In his reply to Poincaré’s first paper, Russell 1899c bowed suitably low over the failure of his axiomatisation, and gave a strikingly detailed and symbolised formulation of a new system of axioms.⁶ But he stood firmer against conventionalism. As in his reply to Couturat, he saw essential and indeed welcome aspects of empiricism in metrical Euclidean geometry; he found no difficulty in seeking the truth-value of propositions such as ‘There exist bodies (e.g. the earth) whose volume exceeds one cubic millimetre’ (p. 398), and held out for isolating the notion of distance. But he may not have realised that Poincaré’s conventionalism involved a sharp distinction between physical space and material bodies existing and moving in that space, and thus between a body and the portion of space which it occupies (O’Gorman 1977a). The choice of geometry for space, and properties such as its continuity and congruence between figures, were conventional, and so had no causal effect on bodies. Russell’s statement about the size of the earth concerns a body (including a convention about the unit of measurement), not geometry as such.

The exchange did not seem to leave any major mark on the positions of the opponents. In any case, Russell’s interest in geometries decreased thereafter; his last major essay was an article, apparently written early in 1900 and entitled ‘Geometry, non-Euclidean’ when it appeared as 1902c in the tenth edition of the Encyclopaedia Britannica. The first part was historical, largely following his geometry book with the division into three periods and his three axioms; he provided more details about non-Euclidean metrics. But the short philosophical part was naturally a long way from 1897, especially on the a priori nature of Euclidean geometry; in his final paragraphs on the ‘Philosophical value of non-Euclidean Geometry’ he now concluded that ‘There is thus a complete divorce between Geometry and the study of actual space’ (p. 503). But he also emphasised here the merit of considering ‘different sets of axioms, and the resulting logical analysis of geometrical results’, and this philosophy was to remain durable.

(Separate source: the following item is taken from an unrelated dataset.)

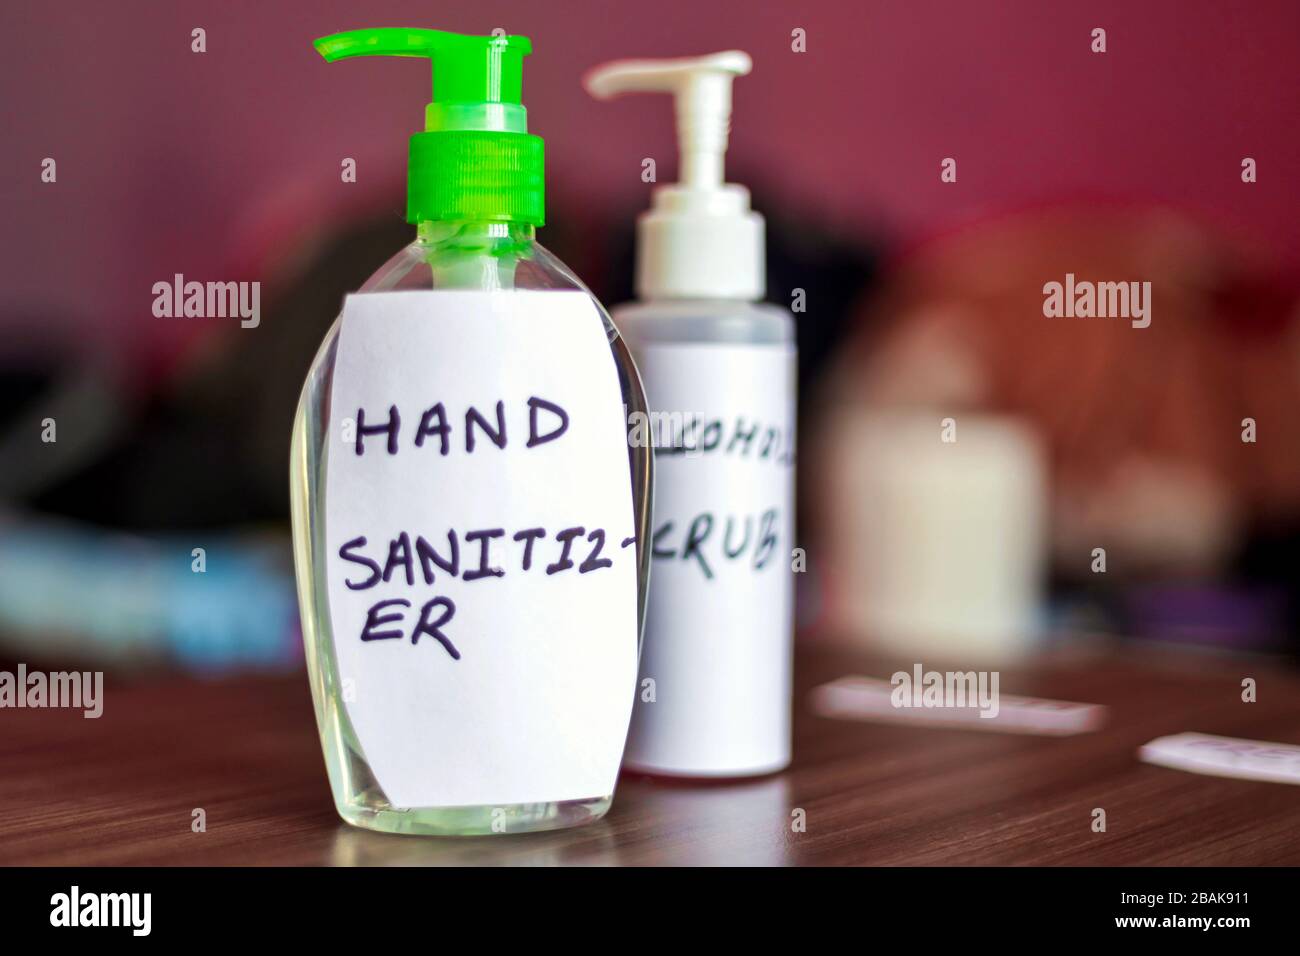 Hand scrub Stock Photos, Royalty Free Hand scrub Images

6.2.4 The emergence of Whitehead, 1898. In the exchanges with his Paris confrères Russell admitted to changes of expression and even mind on several aspects since the publication of his book; for example, to Couturat he corrected his remark on Helmholtz quoted in §6.2.1 to ‘the possibility of Geometry cannot depend upon Physics’ (1898b, 327). The exchange with Poincaré had also reinforced some growing doubts about the relativity of space, but he went public on the issue only in 1900, especially at the Paris Congress of Philosophy (§6.3.2).

Russell also kept a set of critical annotations about the Essay in his own copy of it (RA). Against a remark on p. 120 about points specifiable only by means of properties such as the straight line between them, he judged that ‘This is a mistake. Pts., like str. lines, must be supposed to differ qual[itative]ly’. And of a quotation on p. 171 from William James’s The principles of psychology (1890) that ‘relations are facts of the same order with the facts they relate’, such as ‘the sensation of the line that joins the two points together’, he confessed to himself that ‘I have nowhere in my book grasped the meaning of this remark. Wh. gives a truer view than mine; everything spatial is both a relation and an object’.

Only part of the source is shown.